Stars and bars with restriction of size between bars via generating functions.

Question

I would like to know a way to solve the problem. How can we divide n identical marbles into k distinct with each pile having at most w marbles. I have seen a solution due to Brian Scott on the problem using inclusion-exclusion but I would like one via generating functions. In particular how can i solve with $n=30,k=10$ and $w=4$??

Answer 1

The choice in each pile can be represented as $(1+x+x^2+x^3+x^4)$, corresponding to no marbles, 1 marble etc. all the way to 4 marbles. As there are $10$ piles, we have the possibilities equal to the coefficient of $x^{30}$ in $(1+x+x^2+x^3+x^4)^{10}$ - corresponding to each arrangement of the piles, there will be a contribution to the coefficient of $x^{30}$ from some one term in each of the factors.
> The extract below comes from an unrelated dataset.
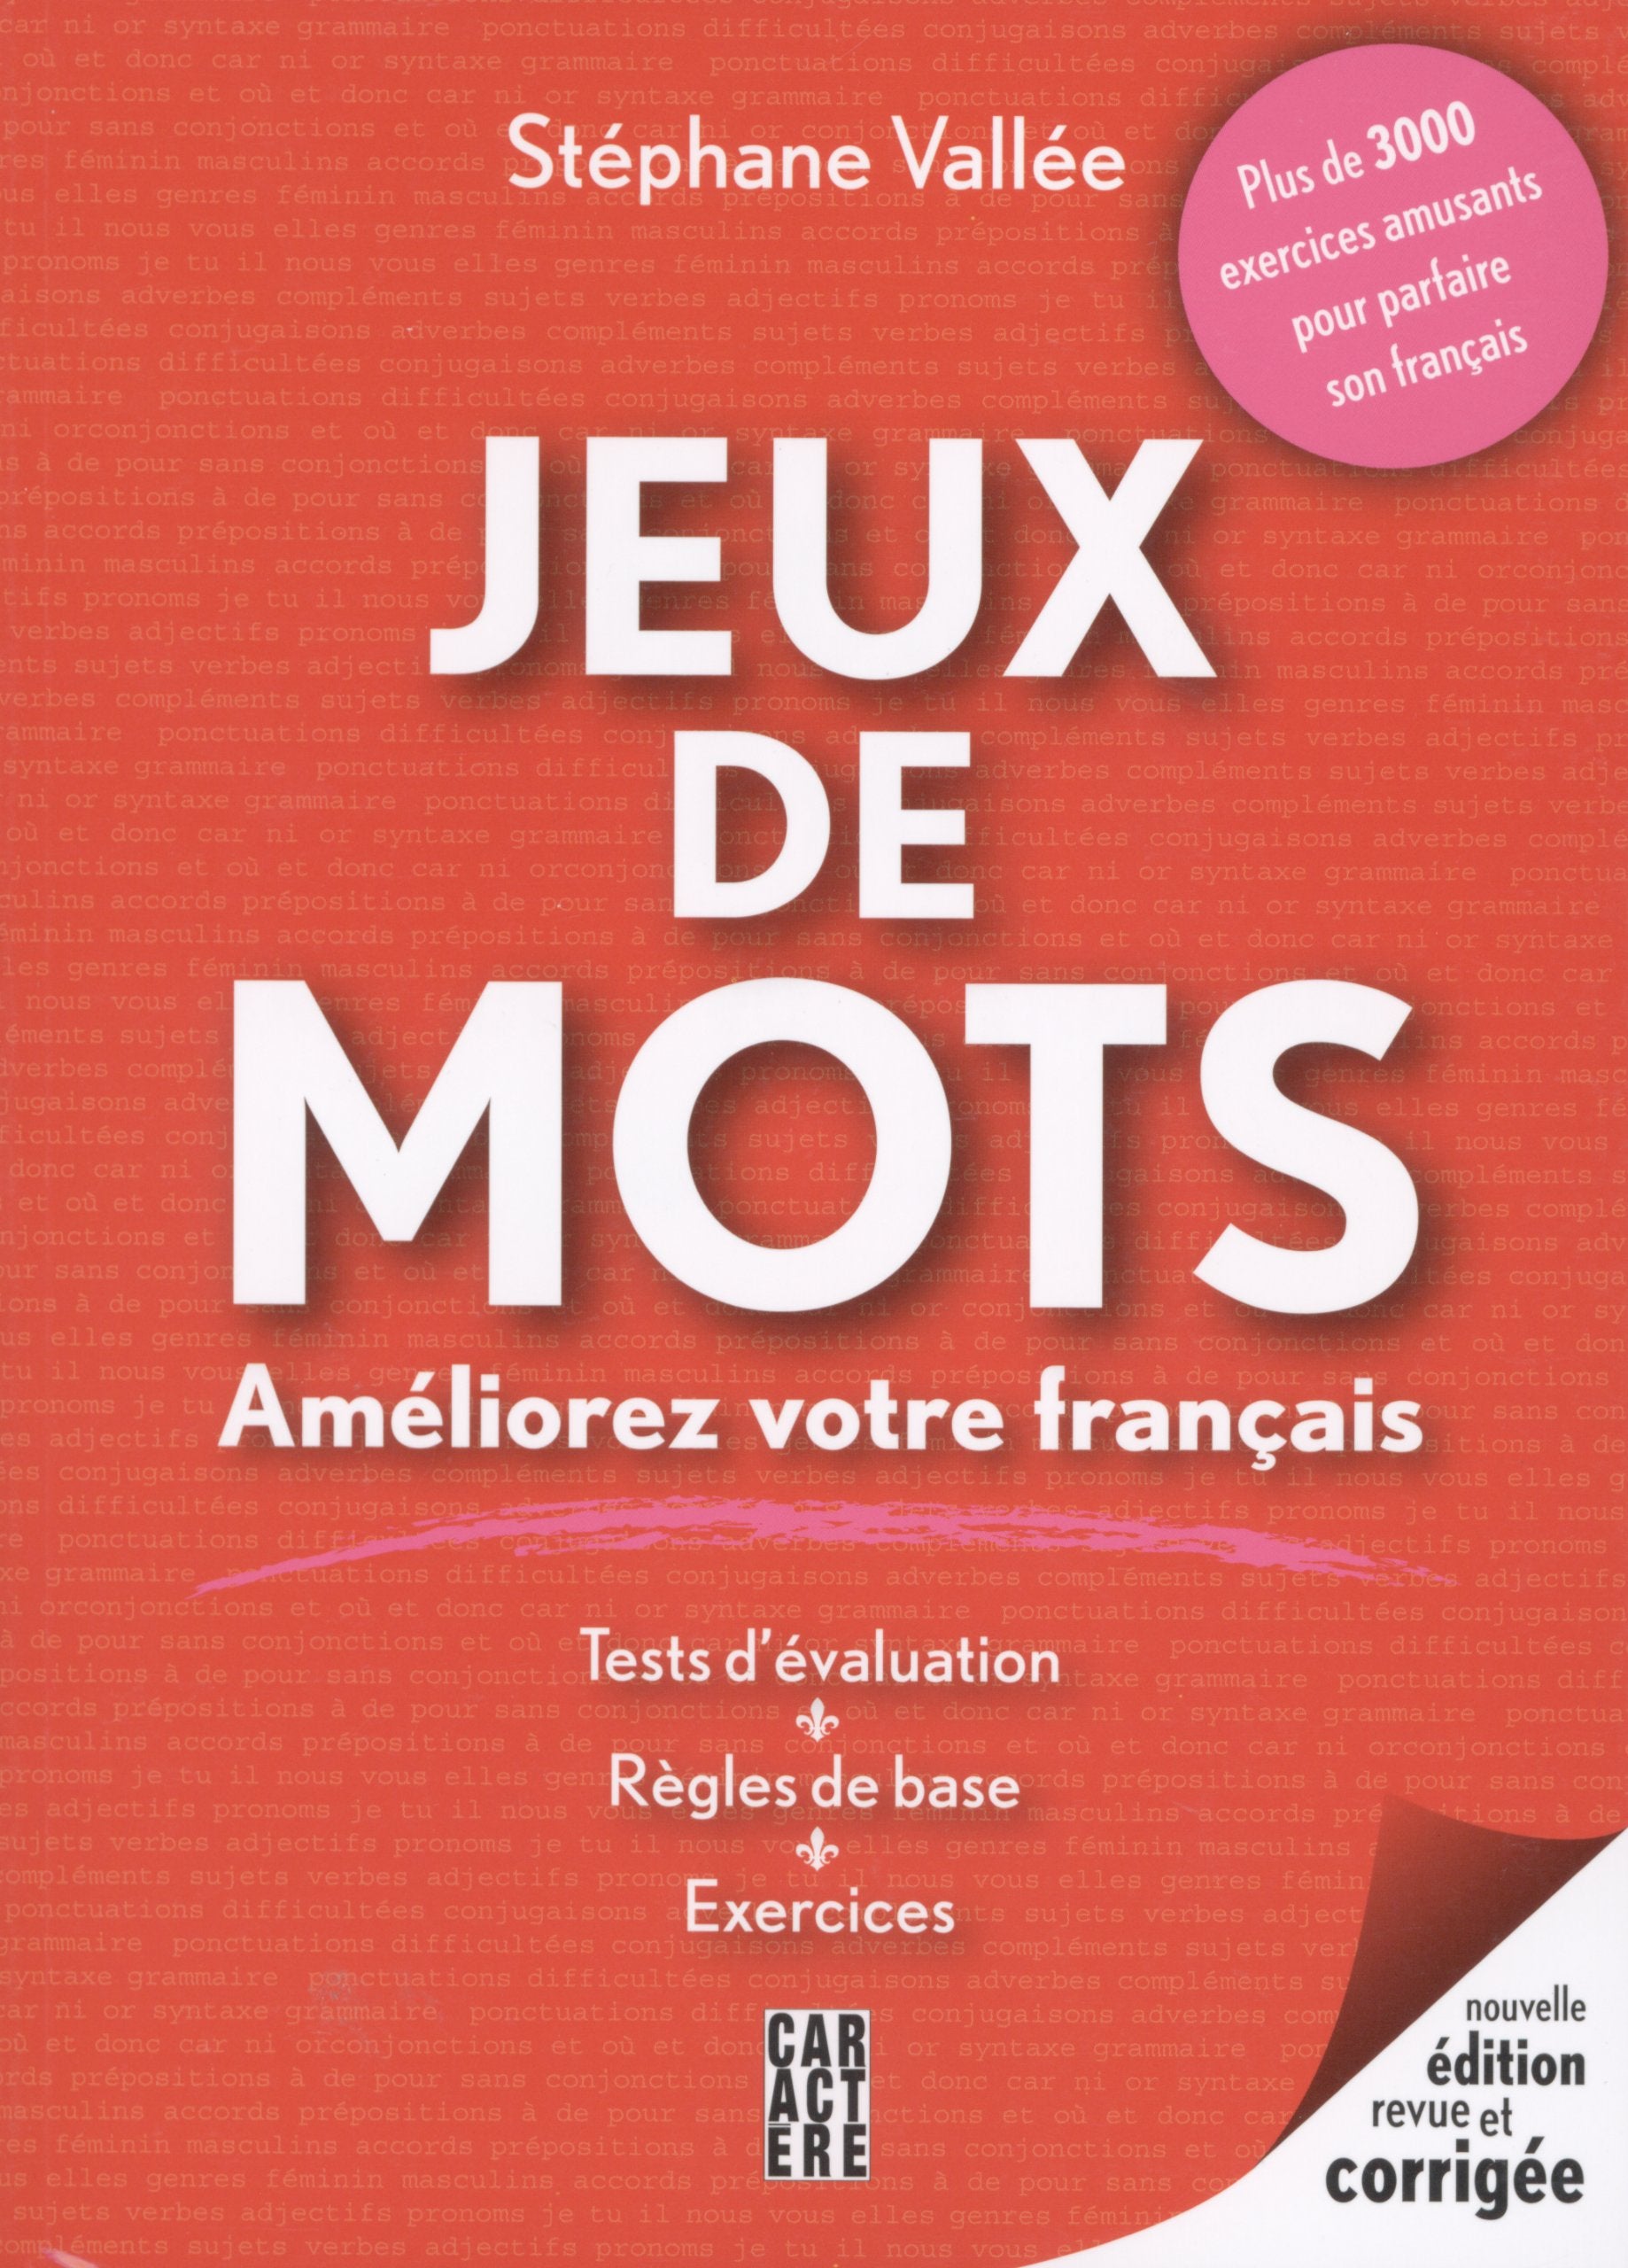 Livre ISBN 2896420649 Jeux de mots : Améliorez votre français (Stéphane Vallée)

Now we can expand that out and find the result, or note that $1-x^5 = (1-x)(1+x+x^2+x^3+x^4)$, so we are searching for the same coefficient in the series expansion of $\dfrac{(1-x^5)^{10}}{(1-x)^{10}}$, which may be simpler to compute as the product of two sums below:

$$(1-x^5)^{10} = \sum_{k=0}^{10} \binom{10}{k}(-1)^k x^{5k} = 1-10 x^5+45 x^{10}-120 x^{15}+210 x^{20}-252 x^{25}+210 x^{30}-120 x^{35}+45 x^{40}-10 x^{45}+x^{50} $$

Of these, only the first $7$ terms can contribute to the coefficient of $x^{30}$.

$$(1-x)^{-10} = \sum_{k=0}^{\infty} \binom{-10}{k}(-1)^k x^{k} = 1+\frac{10}{1!}x+\frac{10\cdot 11}{2!}x^2+...\frac{10\cdot 11\cdot 12\cdot13\cdot14}{5!}x^5+... $$

Note that we need only the terms of degree $5k$ in the second series. Cross multiplying the terms which contribute to $x^{30}$ you have your answer.